A bill has been introduced in the House of Representatives that seeks to cut off any debt collector from receiving additional funds under the Paycheck Protection Program if that collector has been found to have violated any provision of the Fair Debt Collection Practices Act by a federal agency or an action brought in a court of competent jurisdiction.

The bill, H.R. 2296, is called the Ceasing Undeserved Relief Benefits for Debt Collectors Act for 2021, or the CURB Debt Collectors Act, and was introduced on April 1 by Rep. Suzanne Bonamici [D-Ore.]. It is being co-sponsored by nine other House Democrats and has been referred to the House Committee on Small Business for its consideration. A copy of the text of the bill can be accessed by clicking here.

“The Paycheck Protection Program was designed to provide a lifeline to the many small business owners who are trying hard to keep their businesses afloat during the pandemic,” said Rep.
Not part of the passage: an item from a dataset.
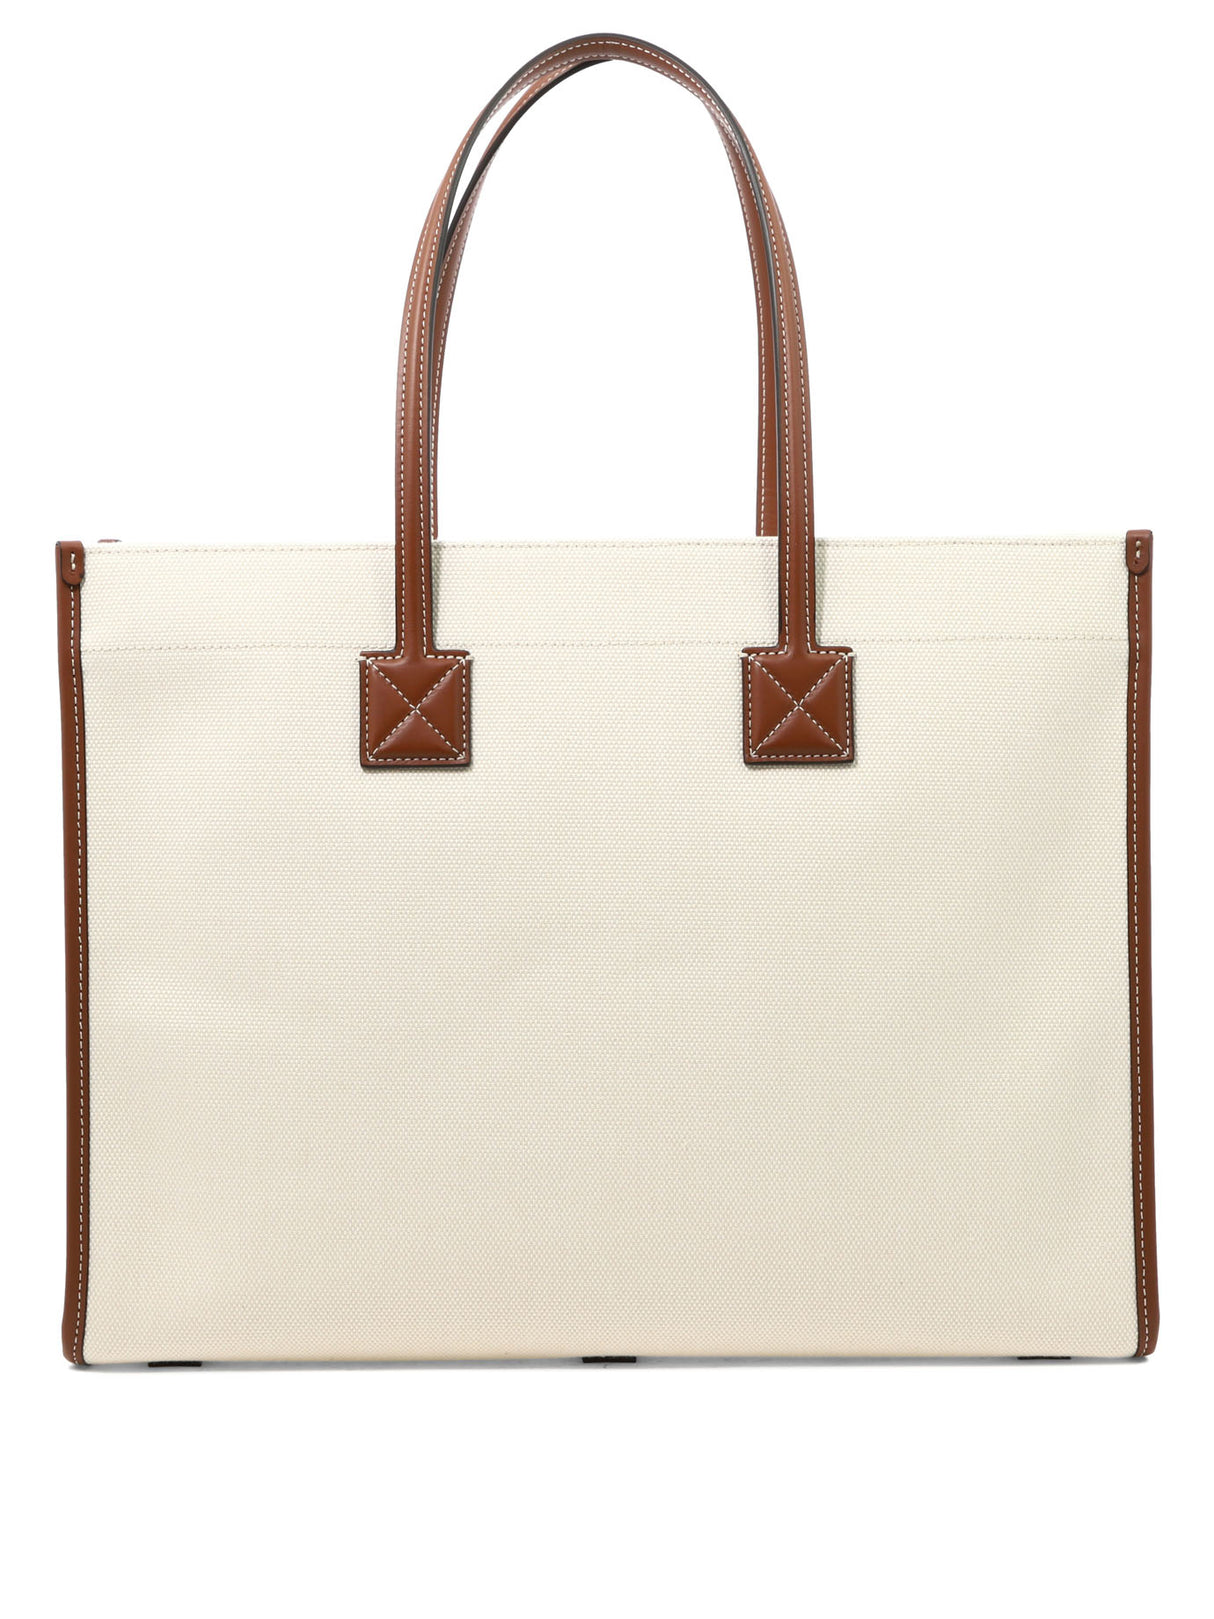 BURBERRY Tan Leather "Medium Freya" Tote with Horsefairy Print and Polished Metal Details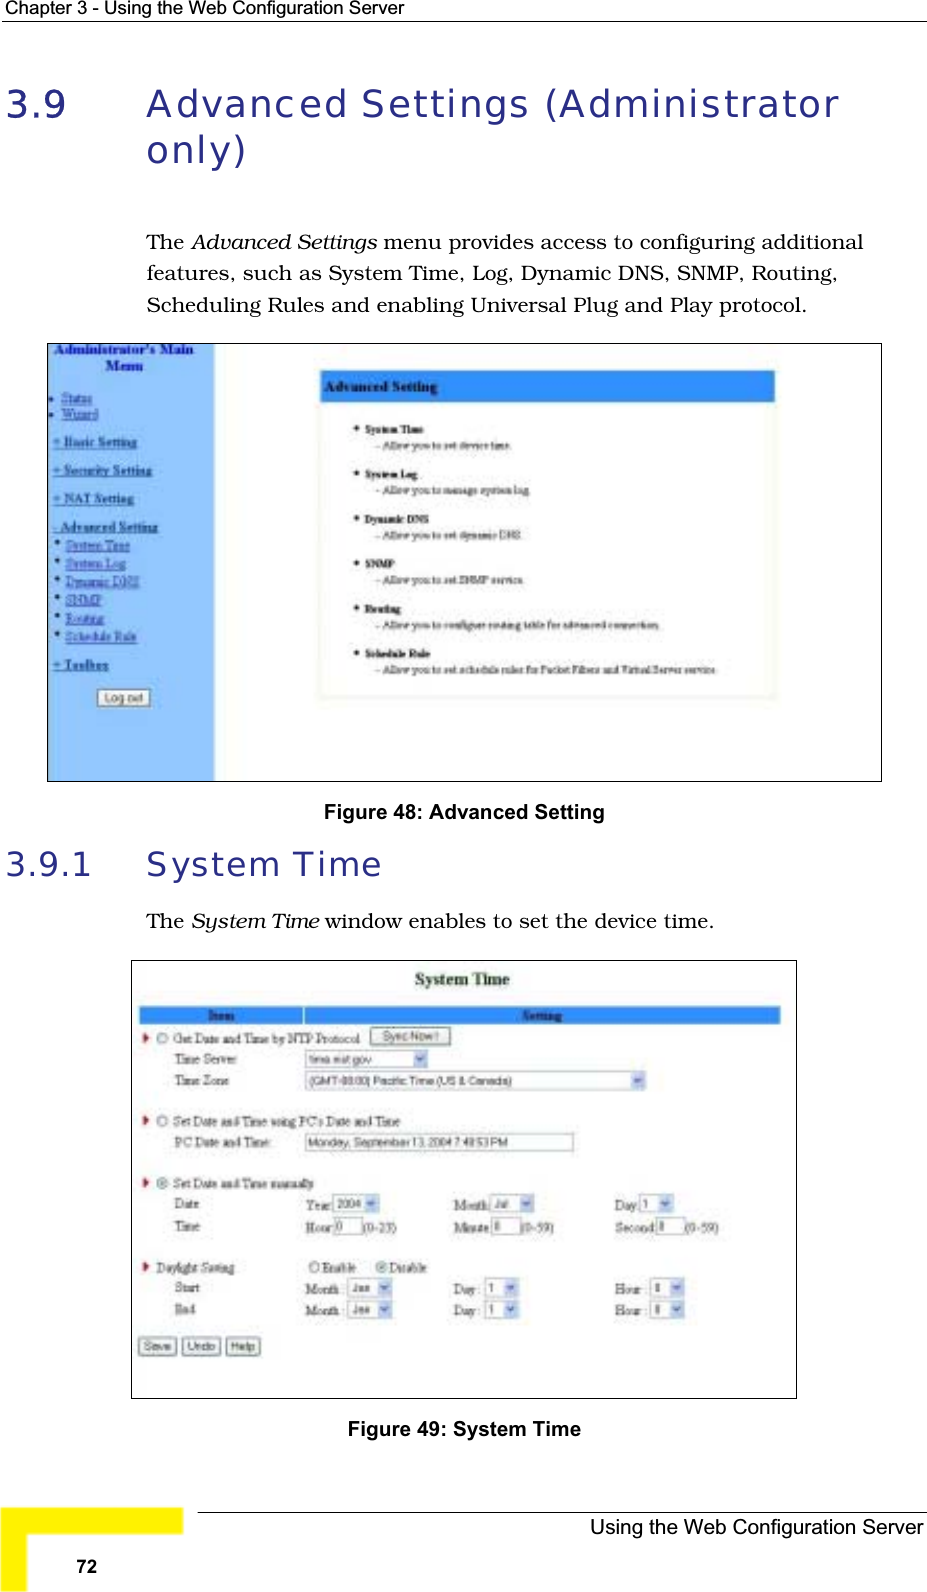 Chapter 3 - Using the Web Configuration Server3.9 Advanced Settings (Administrator only)The Advanced Settings menu provides access to configuring additionalfeatures, such as System Time, Log, Dynamic DNS, SNMP, Routing,Scheduling Rules and enabling Universal Plug and Play protocol.Figure 48: Advanced Setting 3.9.1 System TimeThe System Time window enables to set the device time.Figure 49: System Time Using the Web Configuration Server72

Bonamici in a statement. “It is unacceptable that predatory debt collectors have been able to take advantage of this program, diverting funding away from small businesses that desperately need help during this economic crisis. The CURB Debt Collectors Act will put an end to this exploitative practice.” 

The bill appears to be a direct result of an article that was published in the Washington Post in January that analyzed the funds that collectors had received under the PPP and tied those collectors to complaints that had been made about them by consumers to either the Federal Trade Commission or the Consumer Financial Protection Bureau. The report indicated that collectors had received more than $580 million in loans, and that 170 of those recipients were the subject of at least 100 complaints by consumers with the CFPB and that 25 have been “subject to legal enforcement or consumer alerts” either by the CFPB or the FTC.

The PPP was created under the CARES Act last year and offered low-interest loans to help businesses pay their payroll and certain other expenses during the COVID-19 pandemic. If the businesses met certain conditions, like not laying off employees, the loans they received could be partially or totally forgiven.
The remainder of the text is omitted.